(Dubaï) Plus d’un mois après avoir qualifié l’intervention américaine au Moyen-Orient de « pire décision » de l’histoire de son pays, Donald Trump a envoyé un porte-avions dans le détroit d’Ormuz en vue de rassurer ses alliés dans une région marquée par les tensions avec l’Iran.

Mohamad Ali Harissi
Agence France-Presse

Le passage cette semaine de l’USS Abraham Lincoln par ce détroit stratégique entre l’Iran et les Émirats arabes unis vise à « démontrer la détermination » des États-Unis à faire respecter la liberté de navigation, a affirmé l’US Navy.  

Pourtant dans un tweet le 9 octobre, le locataire de la Maison-Blanche avait critiqué avec véhémence la présence militaire des États-Unis au Moyen-Orient.

Après s’être récemment désengagés de Syrie, où ils luttaient avec leurs alliés kurdes contre le groupe djihadiste État islamique, les États-Unis ont récemment renforcé leur présence plus au sud, dans une région du Golfe riche en pétrole et comptant d’importants acheteurs d’armes.

Washington a organisé des formations, annoncé le déploiement de troupes supplémentaires et lancé une coalition maritime basée à Bahreïn pour protéger la navigation dans les eaux du Golfe, secouées ces derniers mois par une série d’attaques attribuées à l’Iran, qui dément.

« Tentative désespérée »

Pour Andreas Kreig, professeur au King’s College London, cette « démonstration de force » intervient à un moment où « le fossé se creuse entre les garanties verbales de sécurité des États-Unis dans la région et leur inaction sur le terrain ».

« C’est une tentative désespérée de rassurer les alliés dans le Golfe », déclare-t-il à l’AFP.

Depuis plus de sept décennies, les États-Unis ont joué un rôle essentiel dans une région minée par les conflits, notamment celui de policier et de protecteur des monarchies du Golfe face principalement à l’Iran, ennemi de Washington et de Riyad, chef de file des pays du Golfe.

Avec son tweet, M. Trump a suscité des doutes sur les intentions des États-Unis dans la région, semblant vouloir redéfinir la stratégie née des rencontres en 1945 entre le roi saoudien Abdel Aziz ben Saoud et le président américain Franklin D. Roosevelt.

Mais ces derniers mois, les tensions dans le Golfe se sont intensifiées. Un drone américain a notamment été abattu en juin par l’Iran et en septembre des installations majeures du géant pétrolier saoudien Aramco ont été attaquées. Téhéran en a été accusé, mais les États-Unis se sont abstenus de toutes représailles.
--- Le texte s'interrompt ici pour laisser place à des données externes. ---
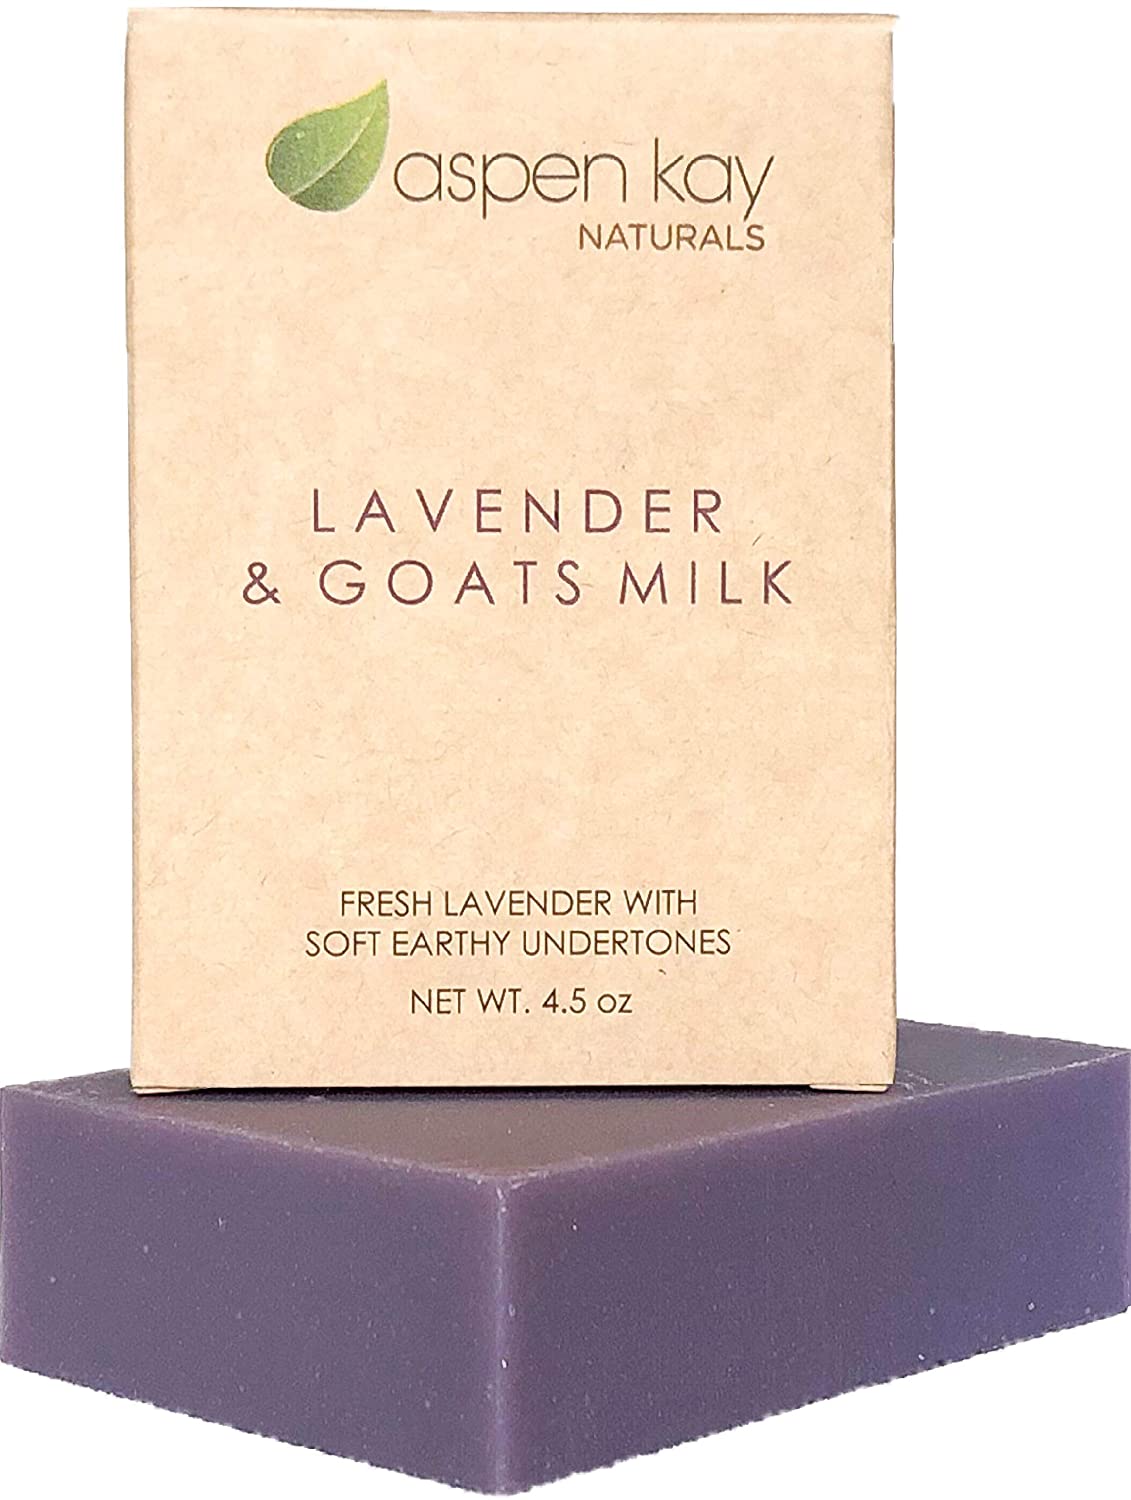 Lavender Goats Milk Soap Bar. Natural and Organic Soap. With Organic Skin Loving Oil. This Soap Makes a Wonderful and Gentle Face Soap or All Over Body Soap. 4oz Bar. 1 Pack - (For 12 piece(s))

Faire passer un porte-avions par le détroit d’Ormuz « est certainement censé envoyer un message de défi et de force après des mois d’humiliation infligée par l’Iran », estime M. Kreig.

Le dernier passage de ce détroit – par lequel transite près d’un tiers du pétrole brut mondial acheminé par voie maritime – par un porte-avions américain remonte à avril 2019, selon le Pentagone.

Le détroit d’Ormuz est particulièrement vulnérable en raison de sa faible largeur, 50 kilomètres environ, et de sa profondeur, qui n’excède pas 60 mètres. La République islamique menace régulièrement de le bloquer en cas de confrontation avec les États-Unis.

« Rester une menace crédible »

« Il est presque certain que les États-Unis ne quitteront pas le Golfe. Même dans le cadre de la politique de Trump […], ils doivent rester une menace crédible face à l’Iran », explique à l’AFP Aleksander Mitreski, analyste spécialisé dans les questions de sécurité.

Les États-Unis ont encore quelque 60 000 soldats dans la région, y compris à Bahreïn, siège de la 5e Flotte.

Les bases américaines dans la région, y compris celle d’Al-Oudeid au Qatar, la plus grande du Moyen-Orient, sont essentielles pour les opérations contre des cibles parfois lointaines comme en Asie et en Afrique.

Le Pentagone a par ailleurs annoncé le 11 octobre l’envoi de milliers de soldats supplémentaires en Arabie saoudite pour protéger le royaume de l’Iran, le premier déploiement du genre depuis 2003.

Pour décrire la relation complexe entre les États-Unis et le Moyen-Orient, l’ex-directeur de la CIA, le général à la retraite David Petraeus, a eu recours à une comparaison audacieuse qui a provoqué des rires lors d’une conférence à Abou Dabi le mois dernier.

« C’est un peu comme si Michael Corleone essayait de quitter la mafia », a-t-il ironisé, en l’allusion au héros du film « Le parrain » de Francis Ford Coppola.

« C’est pratiquement impossible » pour les États-Unis de se retirer de la région, selon lui. « Vous pouvez essayer, mais vous allez être rappelés à la réalité […] En fait, aucun pays ne peut nous remplacer », a-t-il dit.